On and on I go.  Sometimes I come up with some possible factors that may have contributed to my not being _______.  But I am learning that factors are not underlying, definitive reasons.

The truth is that whatever I am lacking comes down to one single reason each and every time.  I am broken.  I was born broken.

Psalm 51:5 says, “Surely I was sinful at birth, sinful from the time my mother conceived me.”

By definition, my human nature lacks good and is full of bad.

One author puts it this way, “We are not sinners because we engage in sin; we sin because we are sinners, rebellious and sinful from birth” (Tan & Gregg).
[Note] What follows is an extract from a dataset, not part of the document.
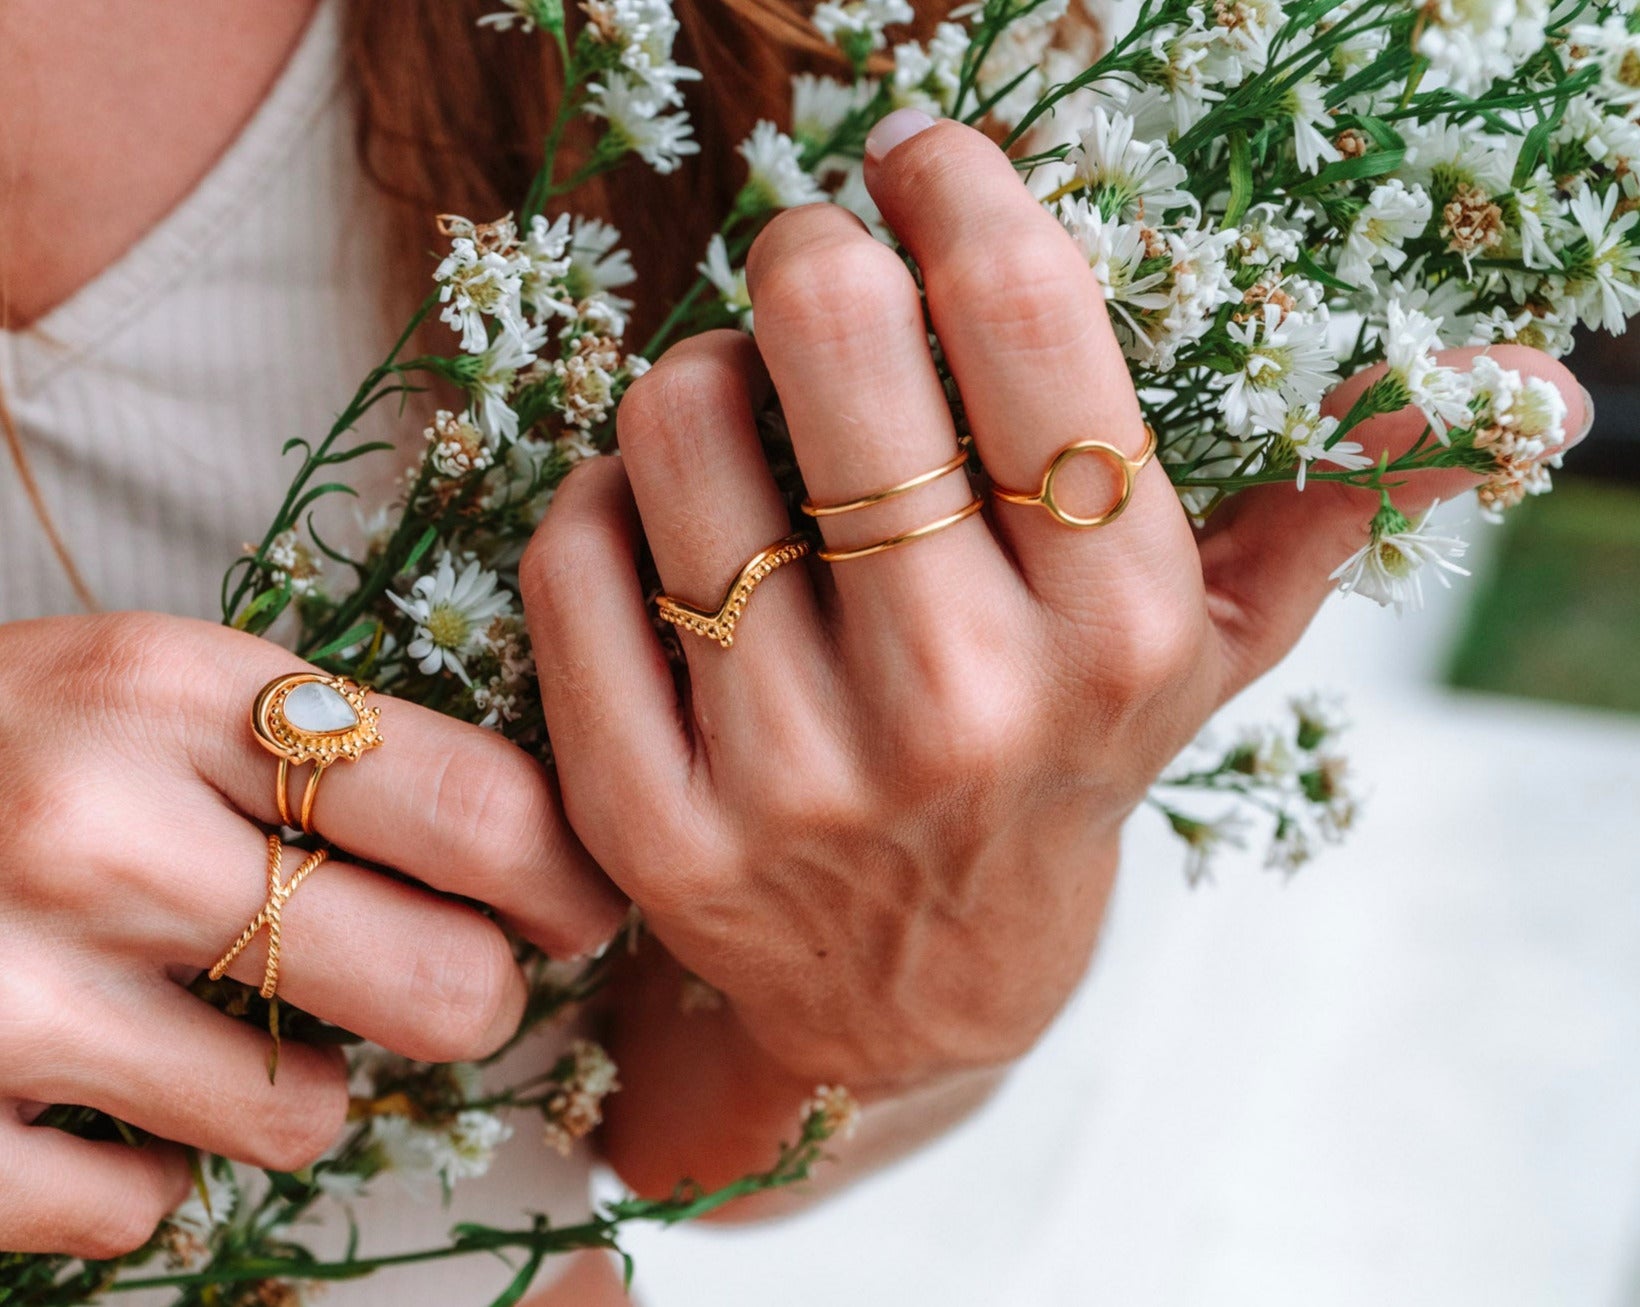 Handmade with love | VERLAN Jewellery | Fairfashion | Handgemachte Ringe im Boho Look aus Bali | Fair und nachhaltig handgefertigter Schmuck | Verstellbarer Ring | Kombi & adjustable Ring | vergoldet | Bingin ring

In other words, sin is what we do.  It’s our m.o.  We can’t not sin.

With that in mind, I should not be at all surprised when I find myself lacking in an area.  Rather, my deficits should simply be a reminder of how much I need the Lord to enable me supernaturally to act right.

Titus 2 confirms that, left to our own devices, we have no idea how to “be worthy of respect, self-controlled, sound in faith, in love, and in endurance…” (Titus 2:2).  We have to be taught these things.  Women have to be trained “to love their husbands and children, to be self-controlled and pure, to be busy at home, to be kind, and to be subject to their husbands” (Titus 2:4-5).

Trained to love my husband and children?!  Of all the things on that list, shouldn’t loving my own adorable flesh and blood come naturally?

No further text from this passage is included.